Daesu let loose a stream of profanity at her, yet her eyes caught in that moment a glimpse of a falling auburn leaf, cleansing with its beauty the air which the man did fowl. The birds seemed to honour its slow descent in a beauteous song, the sun with its golden rays, the Crimson Warrior with her blade. She stepped her left leg backward and swiftly swept the wind with the long sword in one fluid motion, and then there was silence again. The leaf gently landed amidst the grass. Daesu's head had by then already come to a halt on the ground by her feet, and his blood drenched the greenery. His axe remained in its sling untouched.
"Do you think, Aantai, that there is anything in the world more precious to observe than the falling leaves in Autumn?"
*****
He was sure now he had heard noises, and not of the woodland sort. Perhaps voices? "Do I want to find out?" It seemed to him the trees and the birds and even the persistent buzzing of bugs had been kinder to him than he remembered his own kind ever being.
He had left the medlar behind for what seemed to him a turn of the sun. He had no berries left with him; he had brought only what he could carry in his hands, and after only a little while of wandering in the woods he had tripped his foot on a tall root. He had weakly cried out, heartbroken as the precious berries slipped from his hands down into a mossy creek far below. He had since then been unable to find anything even resembling food, and had spent the night in the dark and cold woods, still unclothed.

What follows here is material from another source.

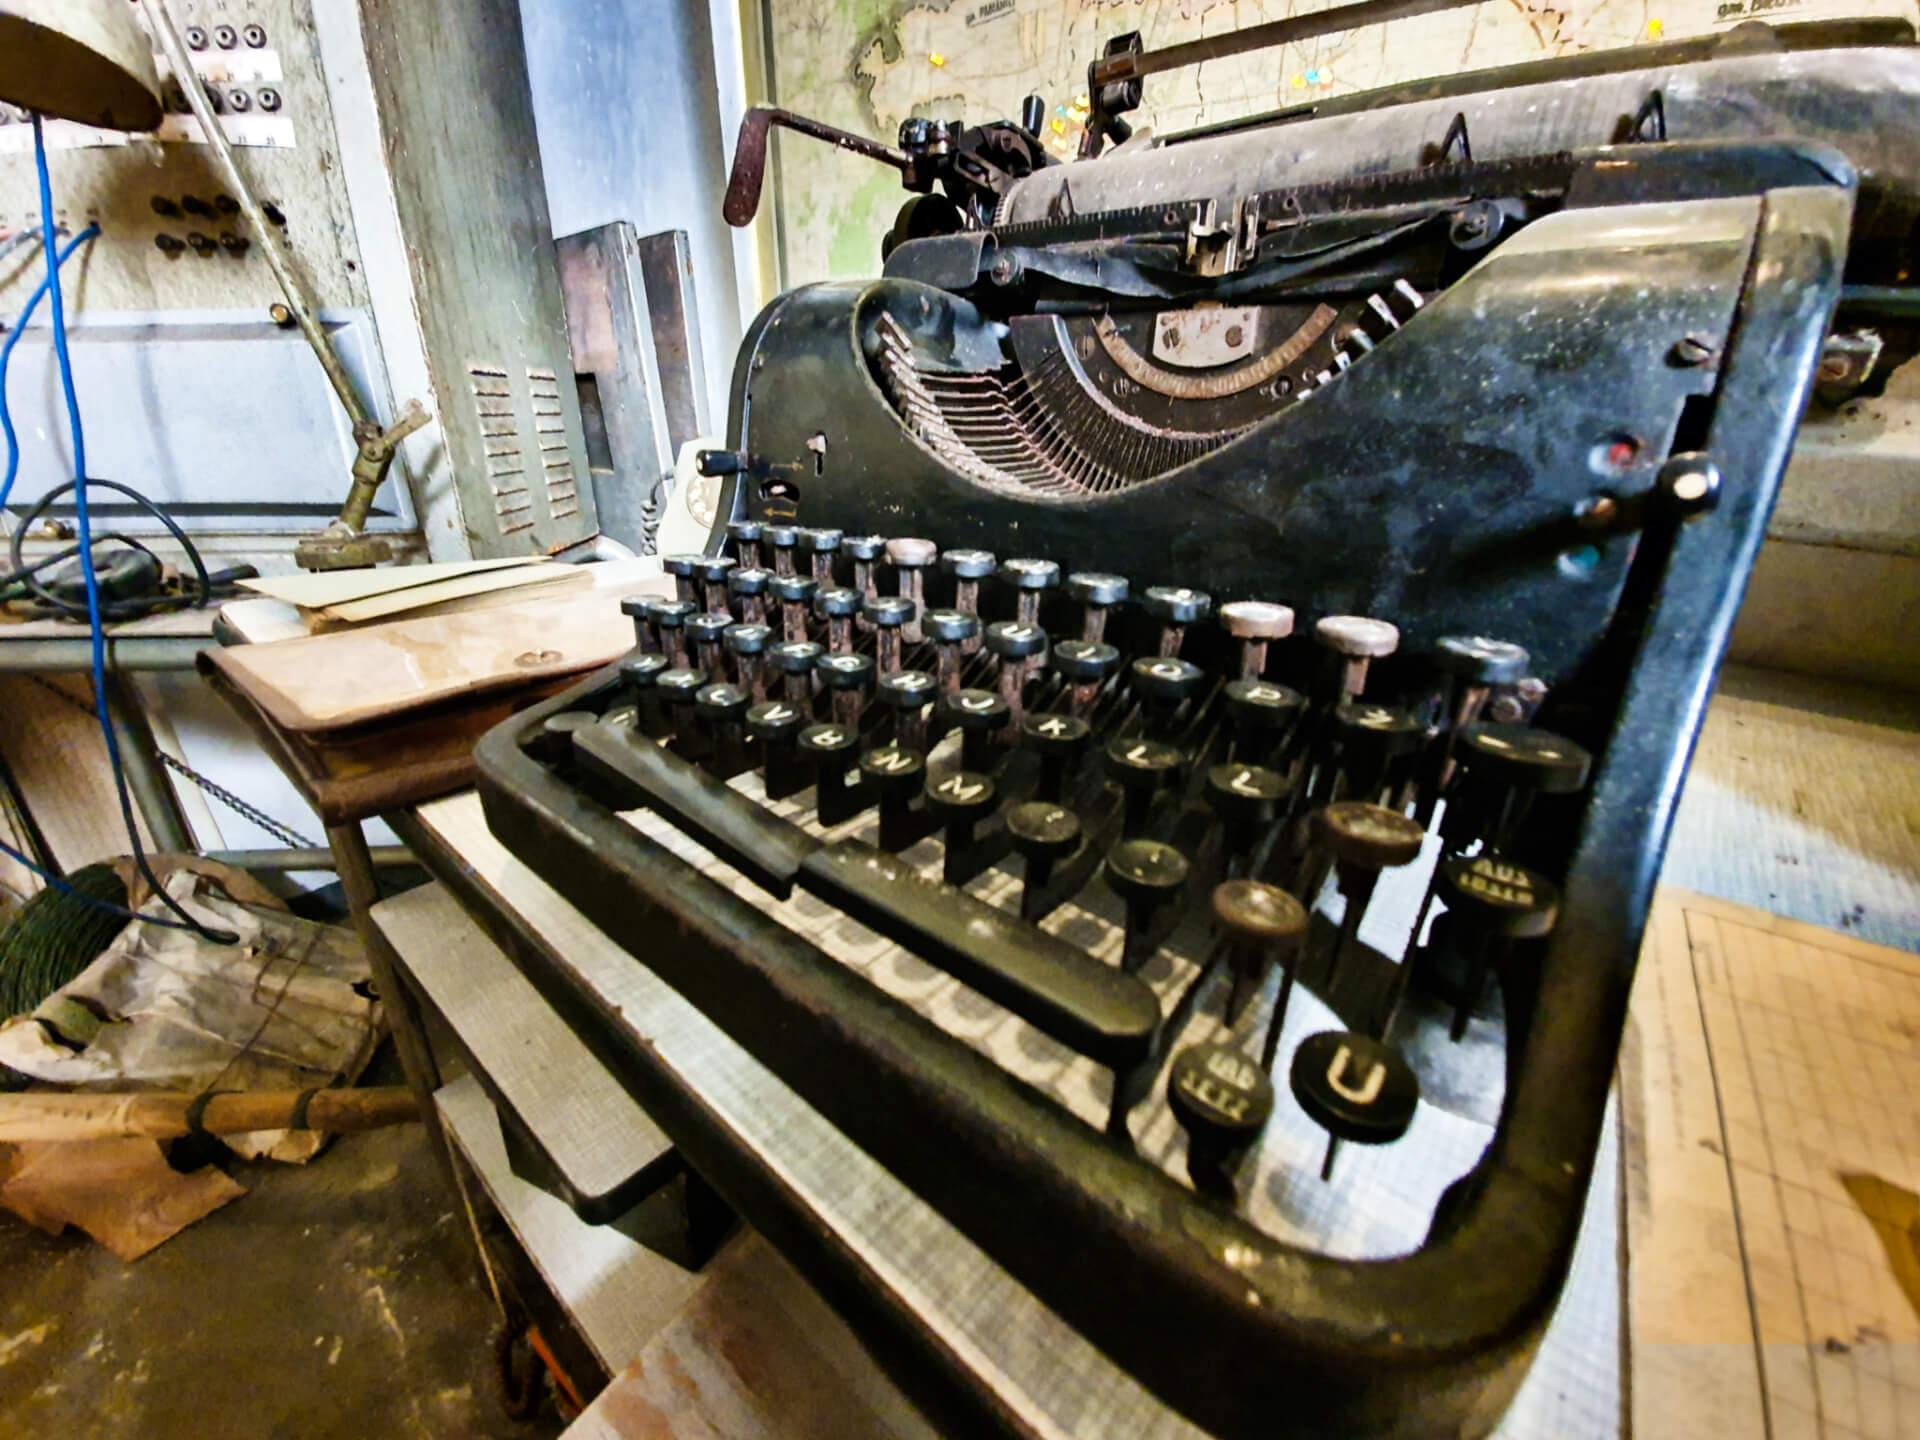 schron na brusie_pomieszczenia_wystawy_ekspozycja_zabytkowa_maszyna_do_pisania

During his forest walk a realization had suddenly hit him: things should have names! He couldn't say why he felt it so, but something deep within told him this was true. He had known the name of the medlar without even realizing it, but he had come to suspect darkly that he might know the reason for that memory. He had shaken it off and walked on. And he had named. The tall trees and the short ones, the singing of birds in the morning and in the evening, this pattern and that, the little insects that flew and those that crawled, the grass, the wind, the flowers all. Here and there he would stop and marvel at all around him, like a little child, free of knowledge, filled with innocence and curiosity.
Presently he could sense the day begin to dawn, and that inquisitiveness got the better of him. Faster he strode through the dense woodland - caring for any roots by his feet - until he saw the trees were becoming sparser. He walked now on ground bejeweled with leaves of red and yellow, a soft carpet that was a balm for his sore feet. A heavy silence had fallen, and he felt conscious for the first time of how loud his feet crackled on the autumn leaves.
He stopped.
"It is her! But it is just as likely it is merely the mirror of my desire for it to be so. Are not dreams only that?" He drew closer and there was, indeed, a woman. Alas, only the slightest resemblance to the woman of his dream she bore. She seemed to be cleaning something, but he could not be certain. He needed to go further in.

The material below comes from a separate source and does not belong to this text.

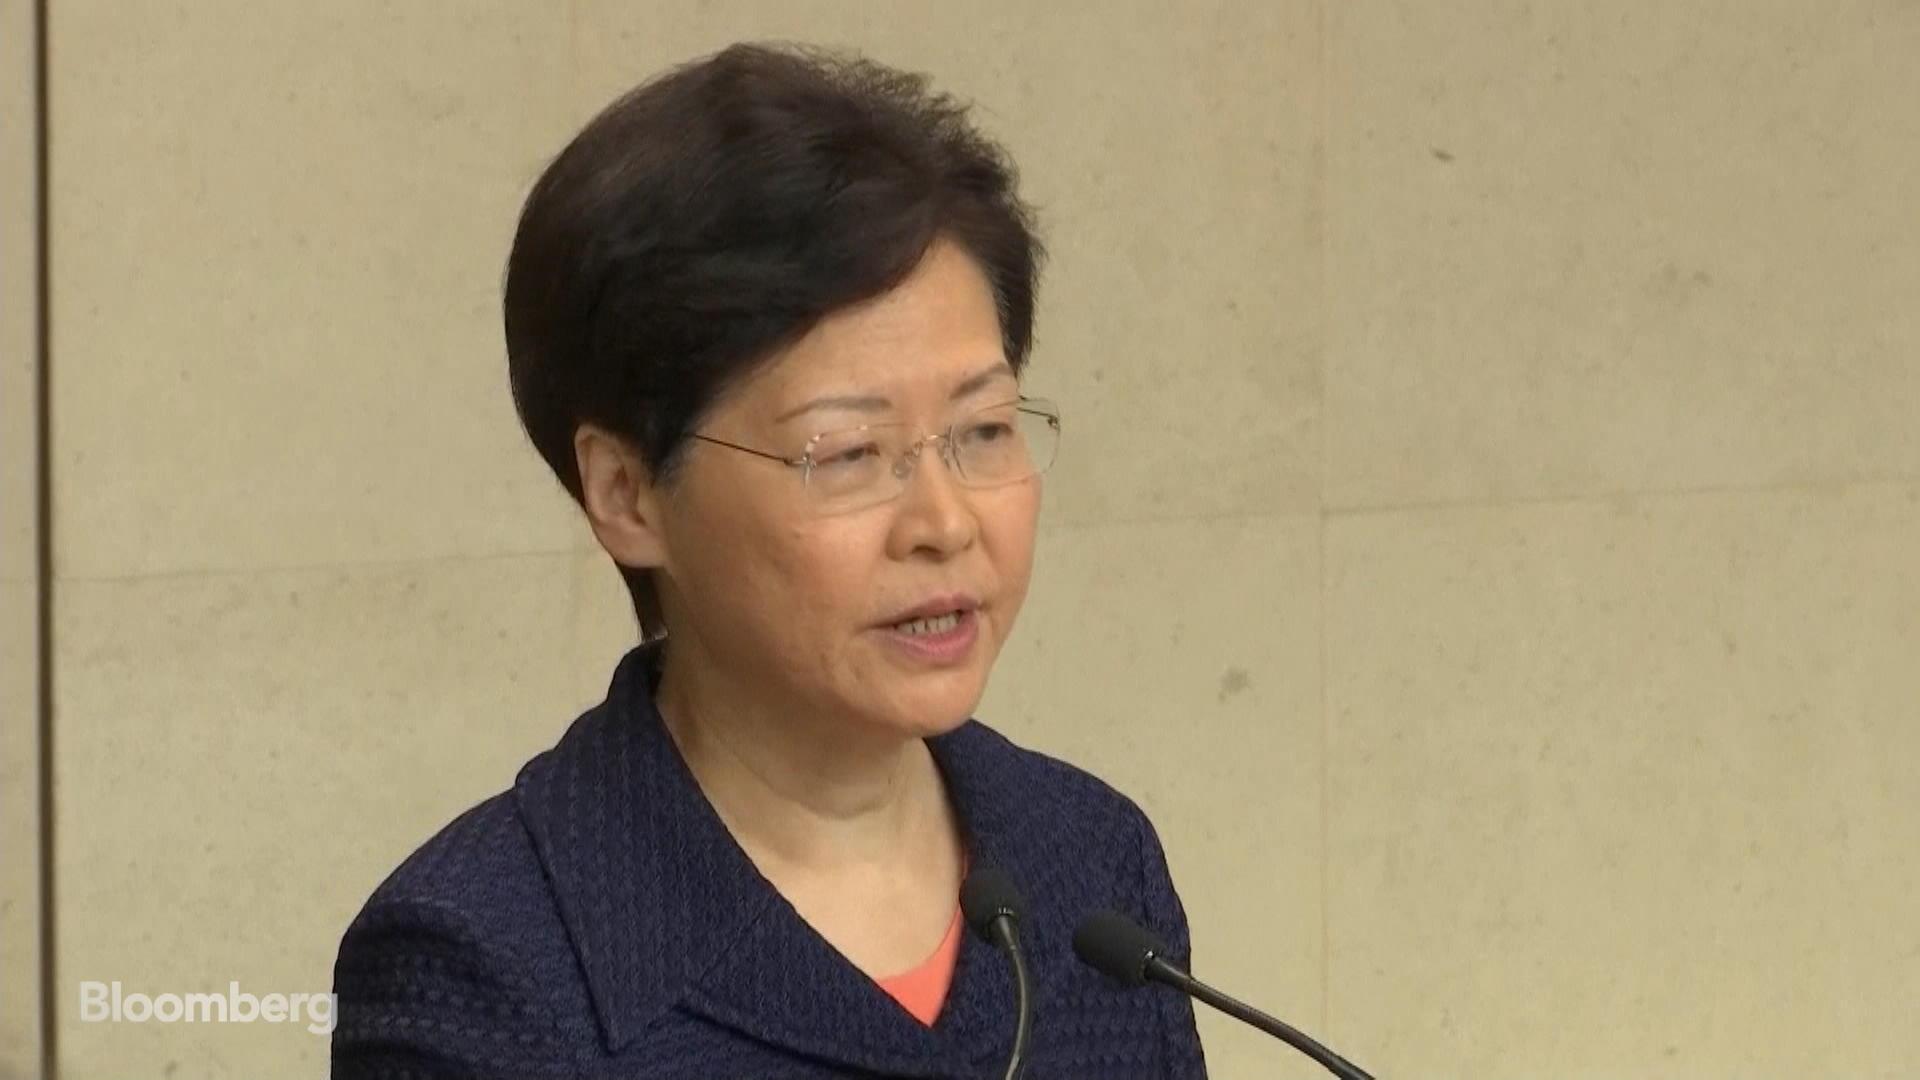 Hong Kong's Lam: 'We Will Start Immediately a Platform for Dialogue'

As he approached, he heard a movement overhead, the softest whisper of wings fluttering. He looked up to see a large brown bird landing smoothly on a branch far above. He turned his gaze back at the woman and saw she stood in a wide, grassy grove. On her hand was a long blade of steel stained red, which she seemed to have been rubbing with a piece of blue pleated cloth. Her eyes stared coldly at his own, and his blood seemed to freeze as he saw Death glaring through them.